SUPPLIED MATERIAL:
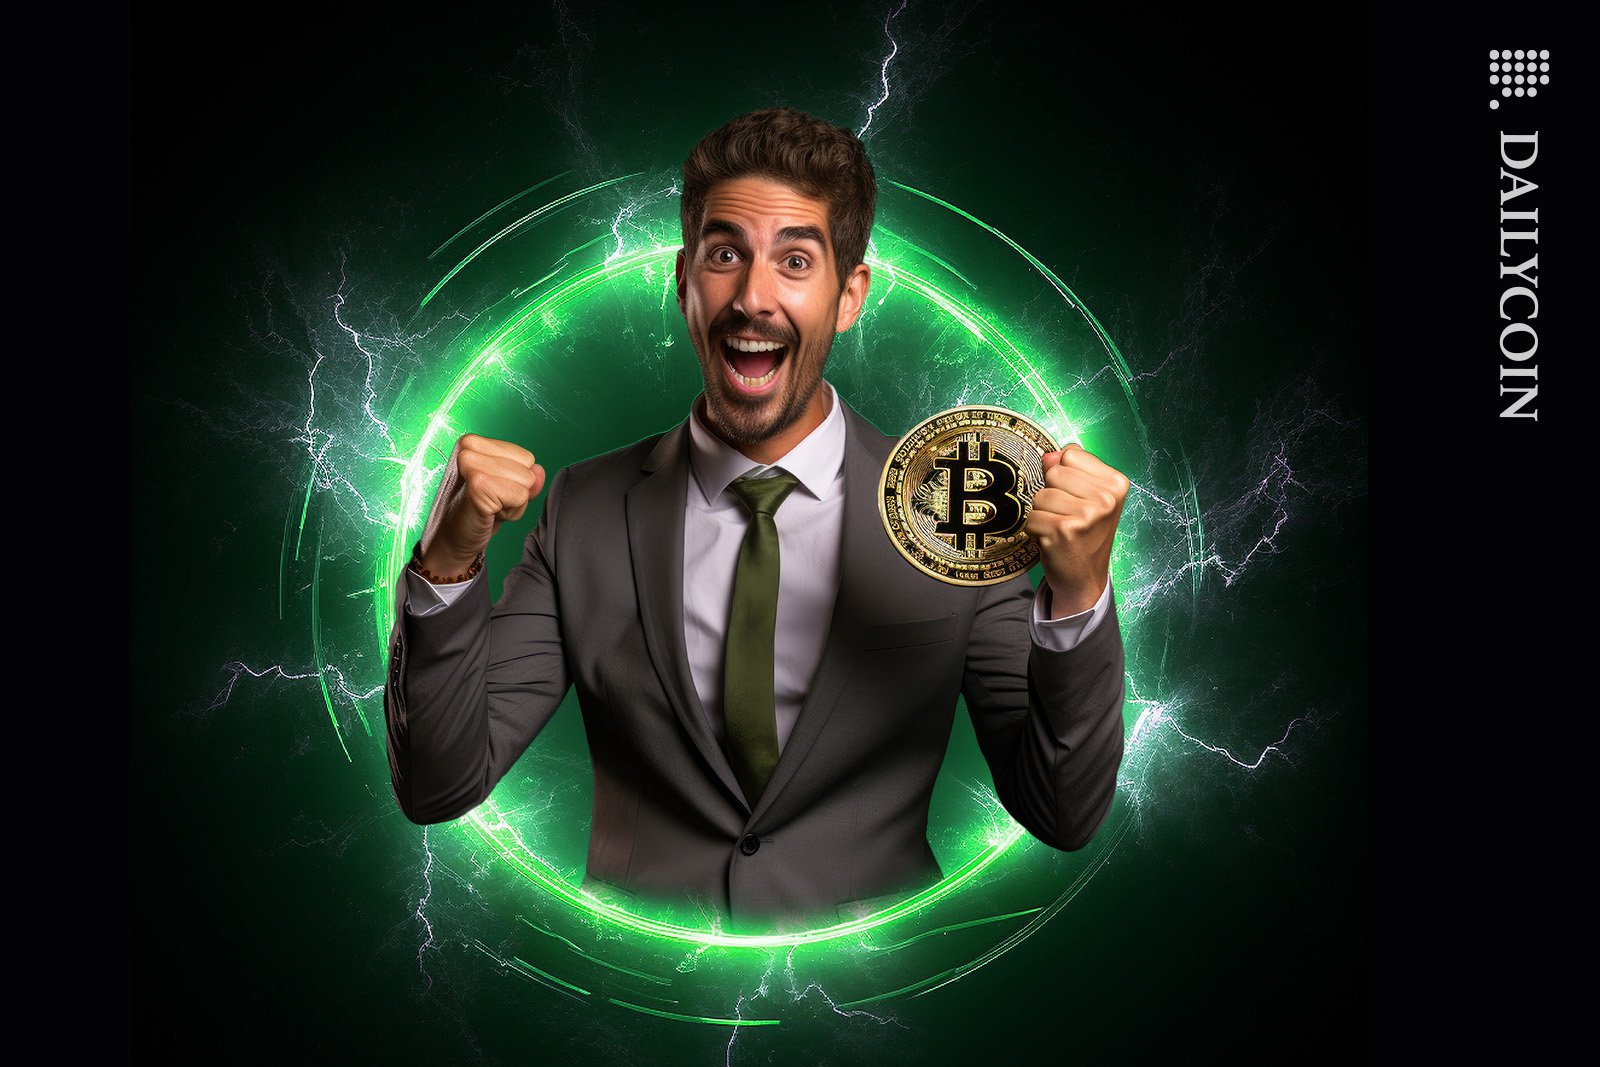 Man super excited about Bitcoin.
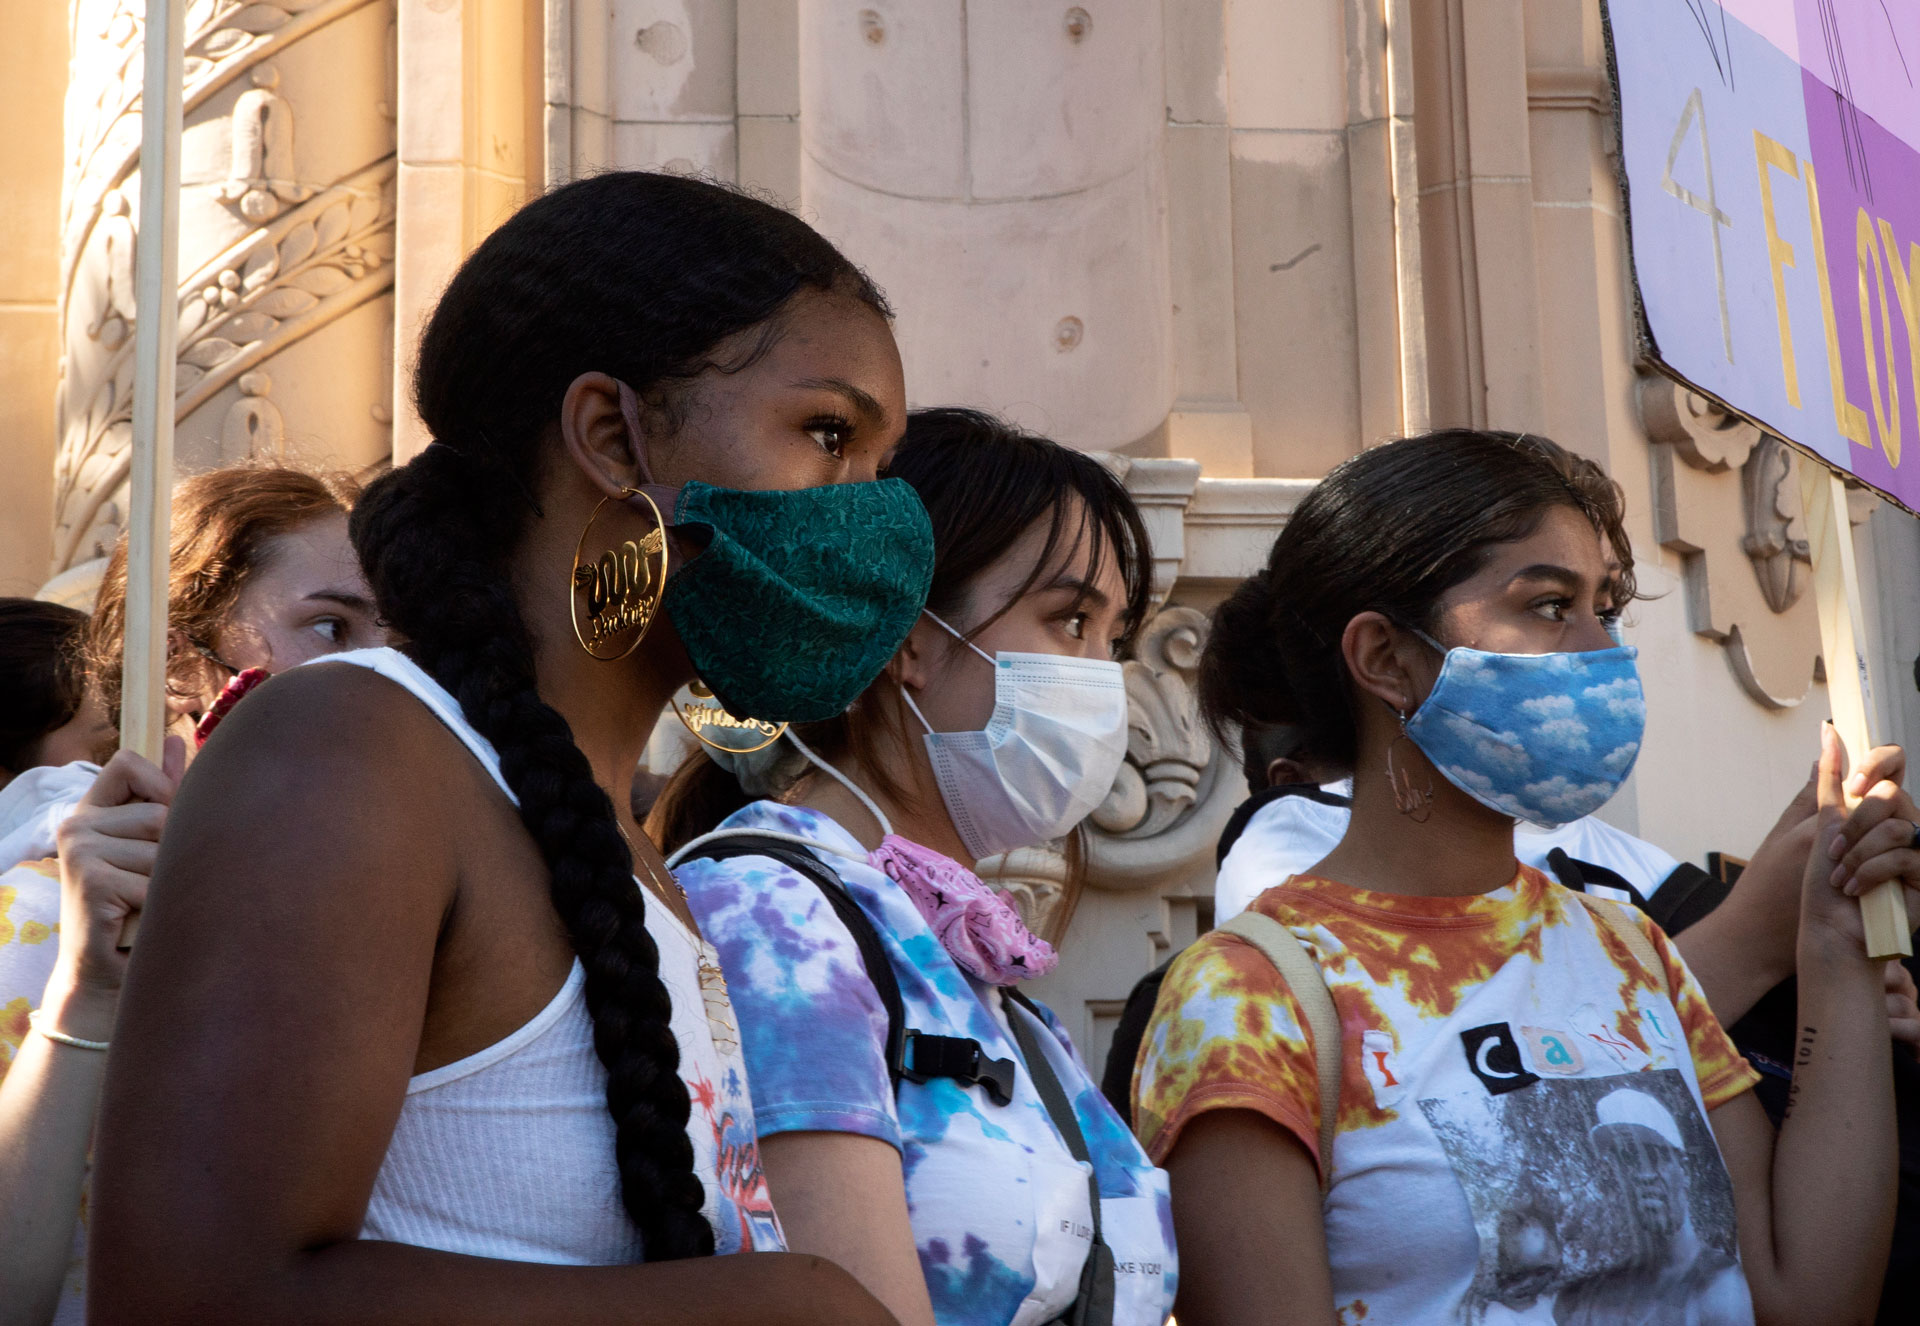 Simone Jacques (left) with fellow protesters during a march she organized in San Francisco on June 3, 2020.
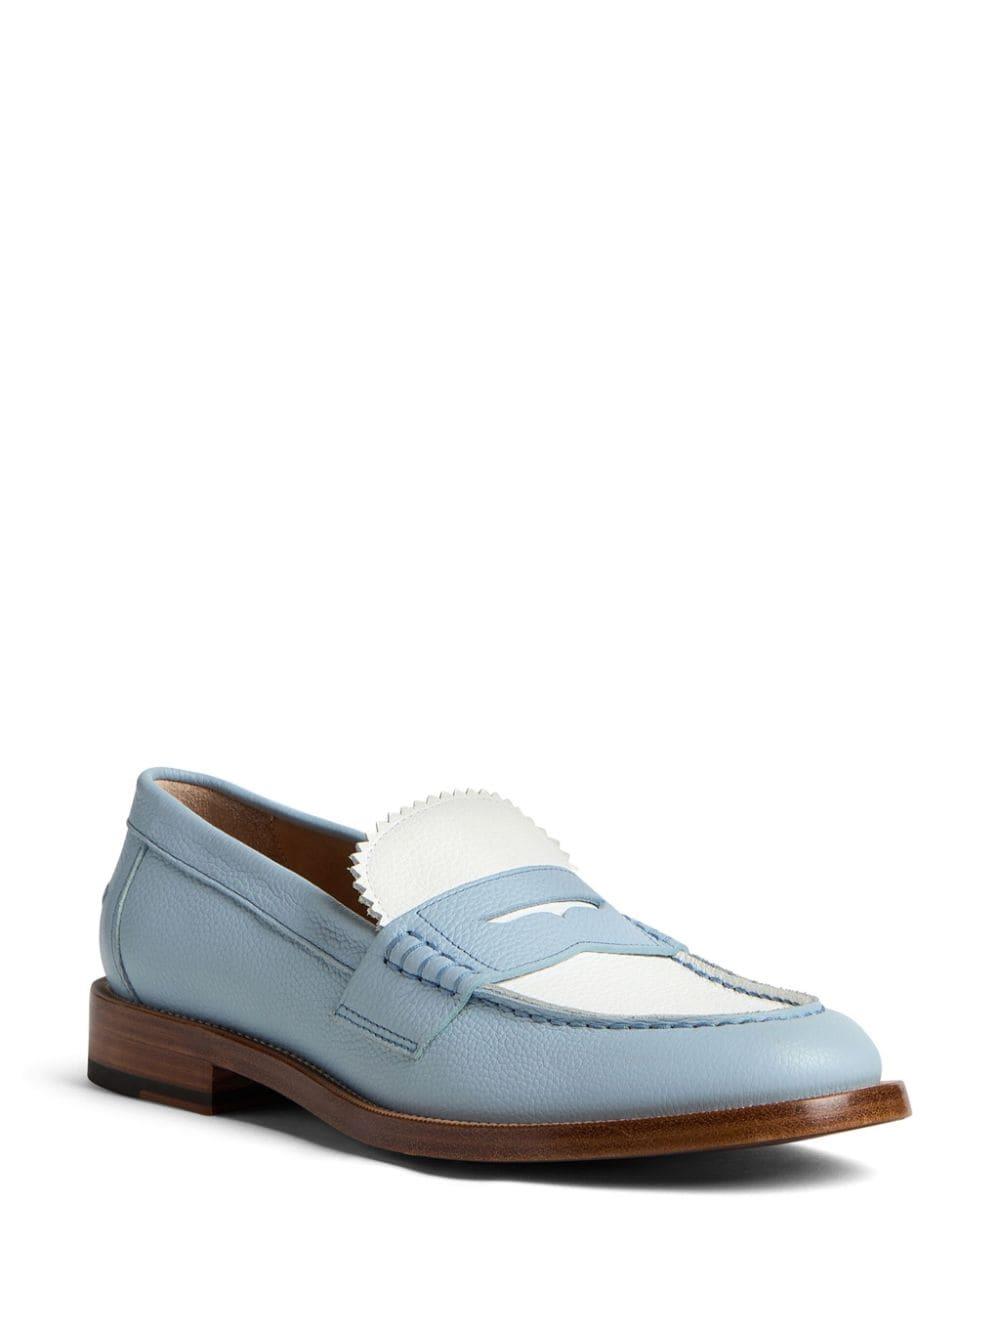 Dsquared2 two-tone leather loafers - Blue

YOUR GOAL: When you copy the data, keep every line exact and leave out each picture.

SOLUTION TO THE EXERCISE:
 Man super excited about Bitcoin.
 Simone Jacques (left) with fellow protesters during a march she organized in San Francisco on June 3, 2020.
 Dsquared2 two-tone leather loafers - Blue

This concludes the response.